Да вы меня все время наоборот понимаете, я ведь только что шутила, а вы хоть бы улыбнулись разок. Реакция и в самом деле очень уж парадоксальна.

А хотите, я вас по-настоящему насмешу? Налейте мне каплю вина — вот так, спасибо. «Токай»? Нормальное вино, коктейль слишком сладок, а это в самый раз. Спасибо. И себе долейте, вон видите, тот, рыжеватый, тонконосый и тонкогубый — актер наш, Галько, не церемонится, он грамотный, нюхом чует, где можно выпить задарма, а тут можно, ишь как заглядывает в рюмку, как сорока в косточку, знает, что Олександра Ивановна ни с чем не считается, когда угощает.

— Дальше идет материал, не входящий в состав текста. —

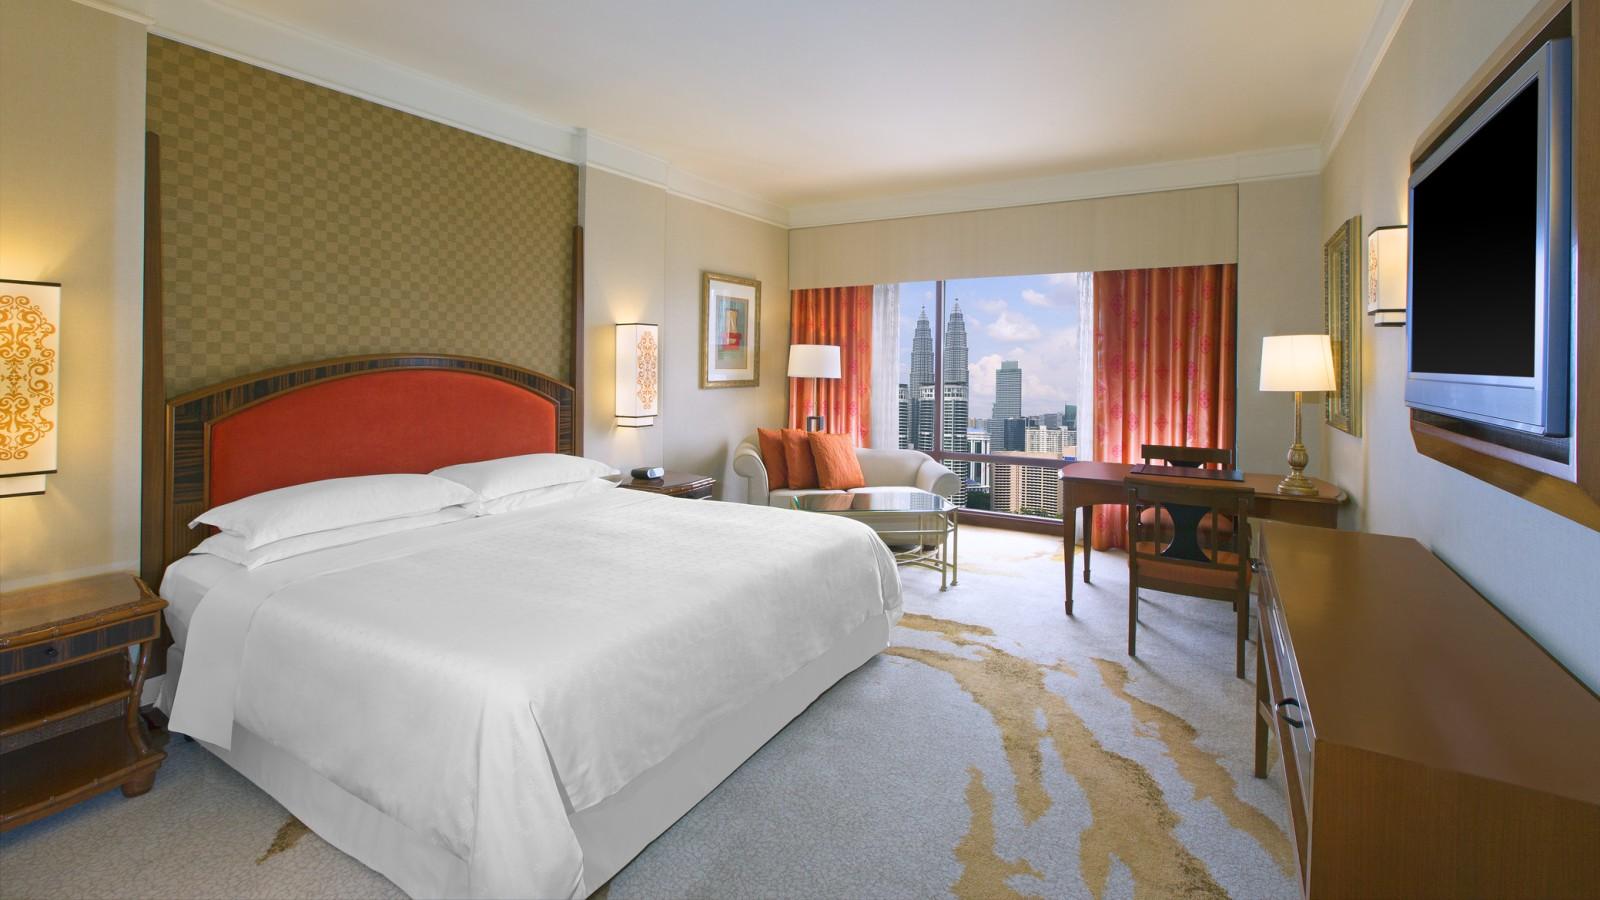 Kamar tipe Deluxe di Sheraton Imperial Kuala Lumpur.
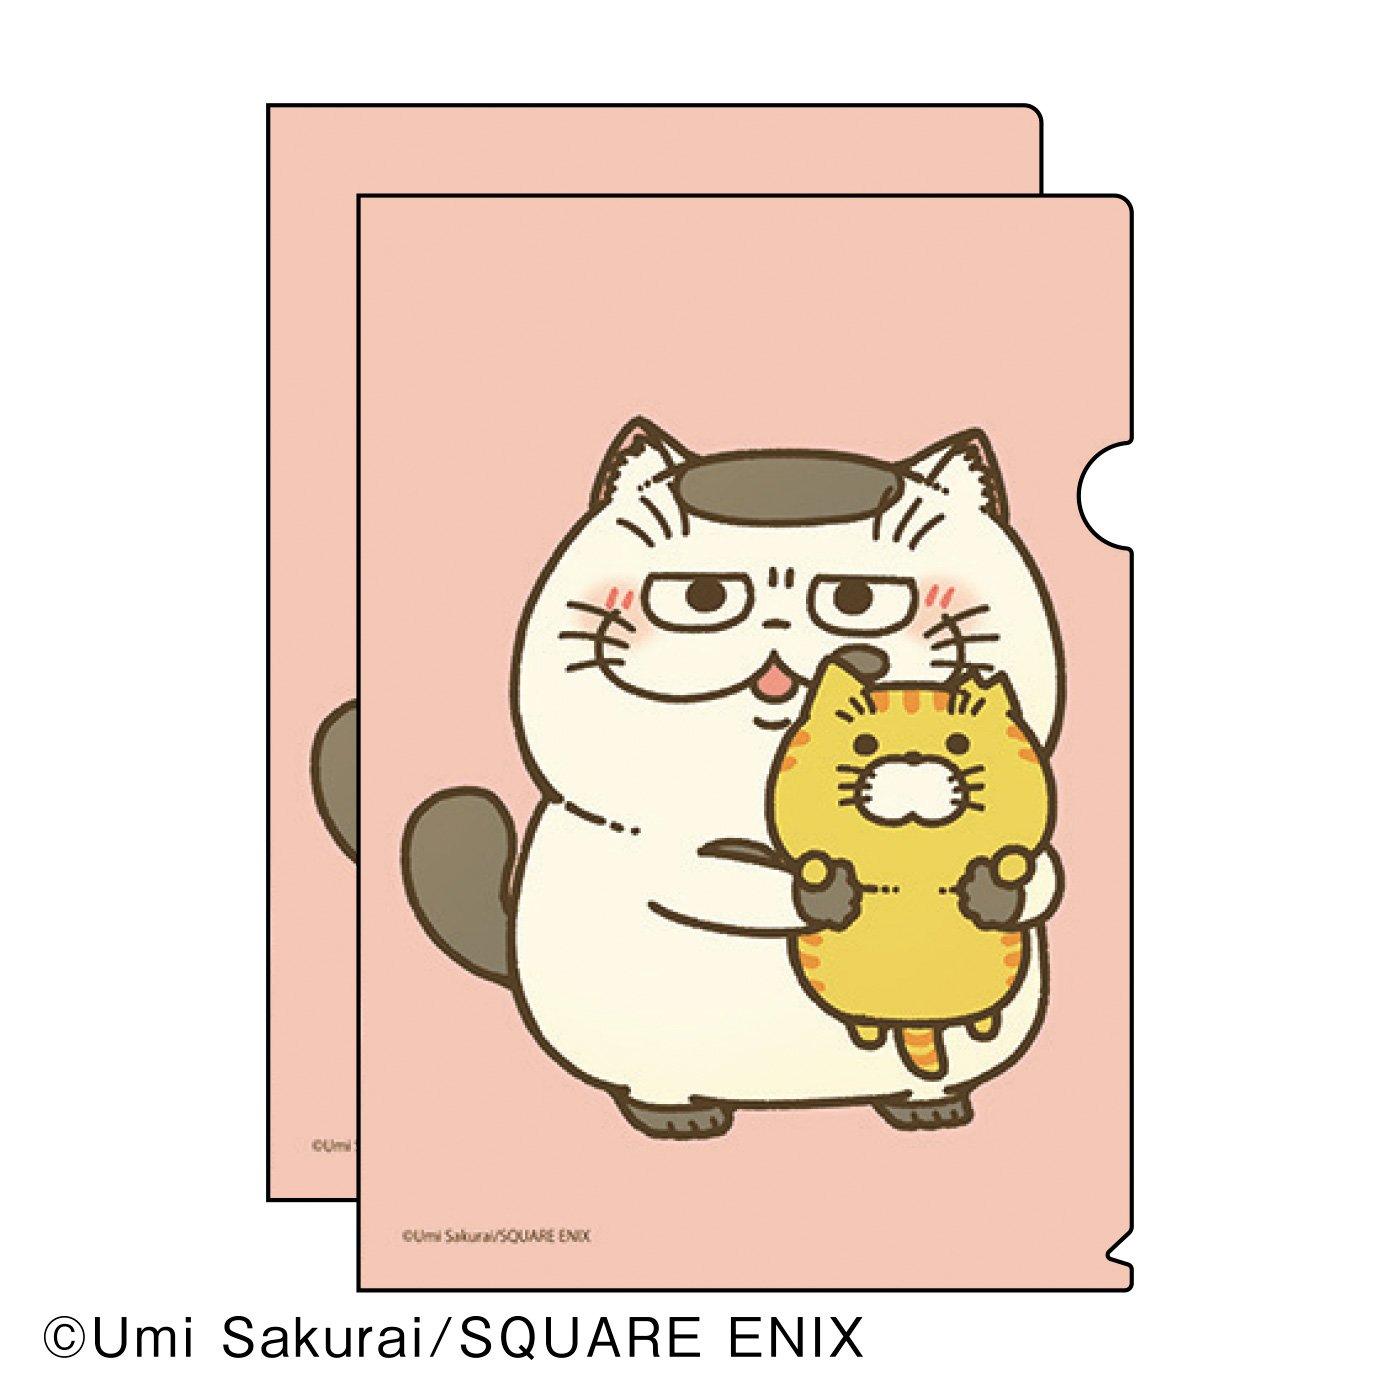 桜井海×猫部 地域猫チャリティークリアファイル2021

Скажите, а вы здесь со многими знакомы? Нет? Сказали бы сразу, я с превеликим удовольствием представлю. Вон там, около Олександры Ивановны, — Юрко Метелица, люблю его, картежника, люблю, голубчика, несусветного лентяя, черт в нем сидит, красавец ведь, а? Режиссера бы ему хорошего, заинтересованного, Метелица весь свет бы удивил, а так — знает, что достаточно ему появиться на сцене — и у всех от одного его вида дух захватывает; и что же он делает, что создает?! Что он показывает, этот мой любимый неповторимый лентяй! Штампами оброс, как бородой. Слова произносить ленится — вы хоть два звука различили из того, что он говорил на сцене? Правда, и тексты нам дают иногда — чтоб господь бог так дал здоровья их авторам, лучше бы этих текстов и правда в зале никто не слышал, — но Юрко и детской скороговорки не выговорит. И все это не мешает ему быть нежным другом жены одного… э, нет, не скажу, чьей жены, чтобы не отдавало сплетней, но о том, что он друг, знает весь театр, да и сама жена ни от кого не скрывает этого, разве только от собственного мужа, чтобы он дискомфорта не ощущал.

А вот там видите старушенцию, такая королевского покроя дама? О, это наша Артемида, она одна знает подлинную значимость любой пьесы, потому что каждую из них примеряет на себя, как новое платье: есть для Артемиды роль — хорошая пьеска, нет — бездарь. В свое время в расчете на нее брали и драмы, и трагедии, но — что поделаешь — ее время ушло, а она не уходит из театра, пока не дождется звания, а уже и текст не запоминает, и мизансцены путает, и вот недавно в «Оптимальном варианте» выход прозевала — пришлось давать занавес. Хорошо еще, что этот спектакль с занавесом идет, а то неловко было бы перед зрителями.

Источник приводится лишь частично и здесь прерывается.